Stephen Jeffrey gave good advice. Sounds to me also like TOS compression somewhere along the line. The fact that trigger point therapy helped considerably for at least a short while would seem to confirm that. It didn't last, probably because the MT didn't find the primary TP--he took out satellite trigger points, but the "mother" primary trigger point fired them right back up again. The thing could be anywhere in the upper back. Or, as I've learned from my good friend Gordon Wallis, problems in lumbar spine can be creating tension patterns extending into the neck (due to the body's proprioceptive need to keep the eyes erect) and from there satellite trigger points could be taking over and clamping down on the brachial plexus.
Find a skilled trigger point guy in your area, one that will scan the body from toe to skull for trigger points.
Its easy to say stuff online.. Kind of like a back seat driver. However, the fact that his shoulder felt good after trigger point work. Means that if you could eliminate the trigger points. It will feel good.
Have you considered joint instability/ligament laxity as the root cause?
Perhaps an evaluation by a Hemwall-Hacket prolotherapist is a wise next step if what you're doing isn't working. Another option that is less invasive than surgery.
http://www.getprolo.com/shoulder-pain/
Since it’s been proven to strengthen the connective tissues, and has the benefit of over fifty years of testing to back it, prolotherapy is arguably one of the best choices of treatment in cases of dislocation, rotator cuff tendonitis, muscle tissue impingement or recurring instability.
I have to agree with Gordon. Since you've tried trigger point work before with some success, I would definitely start there. If you can't find a good TP therapist in your area, I would suggest trying a Rolfer.
My brother had pain on his shoulders after the football hit him during the play and he was undergone Ultrasound therapy in a rehabilitation clinic in Markham. Ultrasound therapy involves the use of sound waves of frequency 20 KHz that is penetrated in to the body. The waves travel through the body by reflection, refraction and absorption in the body tissues.
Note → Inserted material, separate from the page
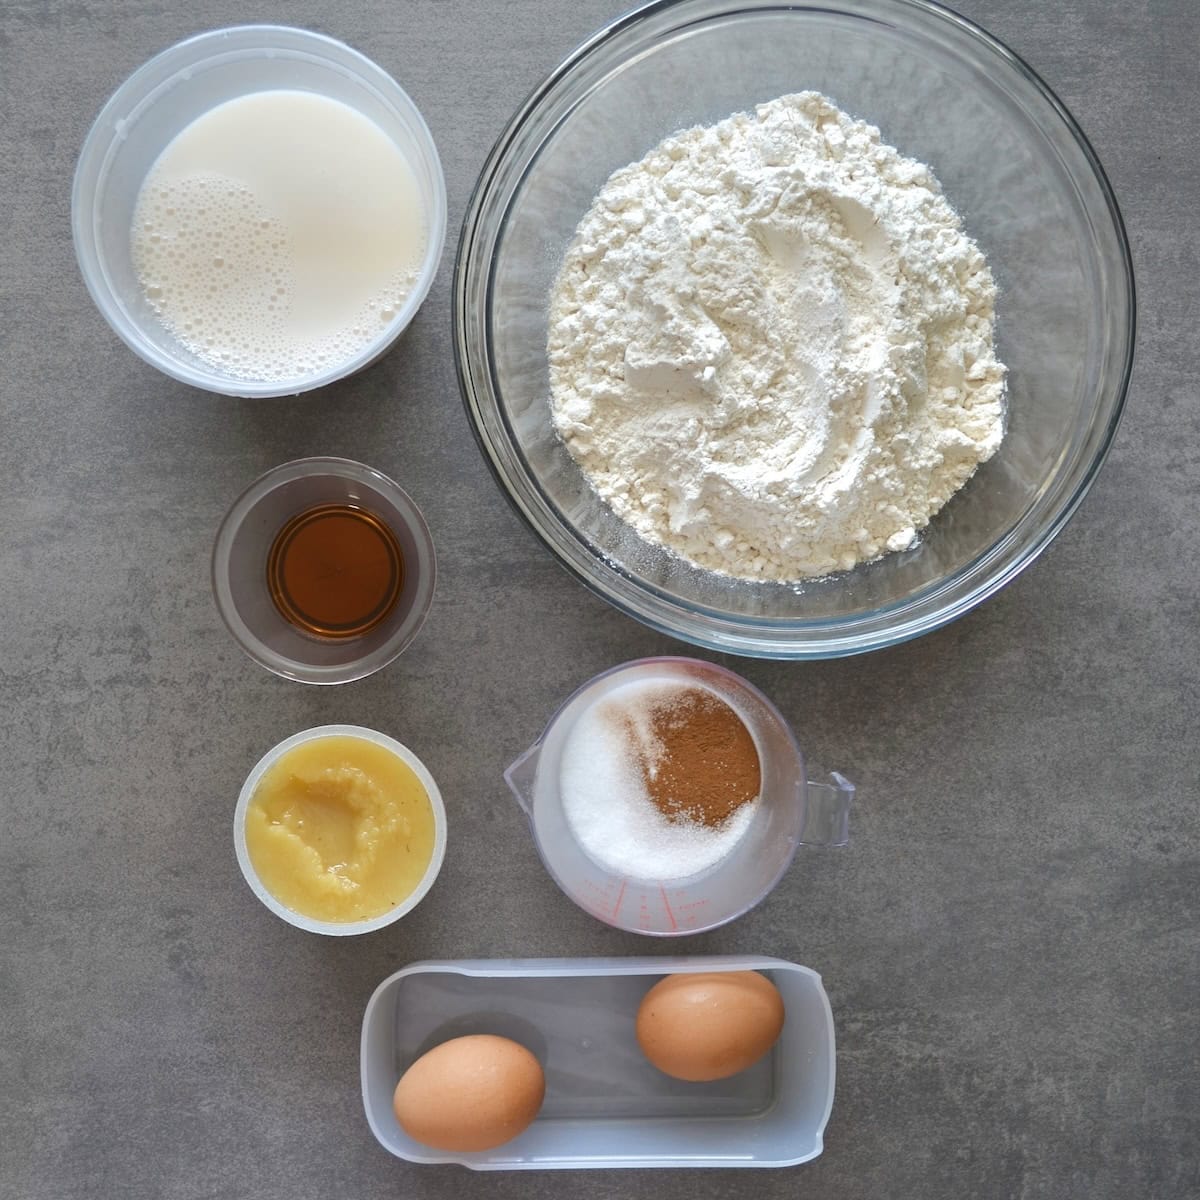 Ingredients needed for sheet pan pancakes

Based on the intensity of ultrasound, it generates both thermal as well as non thermal effects. The result will be increases tissue temperature, improved circulation, less pain and increase protein synthesis.
Chris, injuries can take months to heal. A trigger point taken out today may reawaken in a day or a month. You should have undergone a series of NMT treatments; one session was unlikely to end your trigger point issues. Go back to him, multiple times...give the tissue a chance to heal.
Gary - aside from your excellent advice, it's fantastic to see LMT included next to your name!!!!
Therese, good to hear from you. Hope you are doing well.
I am, Gary! I'm taking next week off, and I'm excited. And I just figured out (I think, I hope!) a way to help myself with my own serious low back pain. Woo hoo! I'll post more later. Right now my dinner just showed up.
You know about the soleus trigger point that often refers pain to low back, right? Almost always, I find that pain just lateral of the L5/sacrum junction is accompanied by really painful TP on the lateral side of soleus, about 60% up from the distal end of the soleus.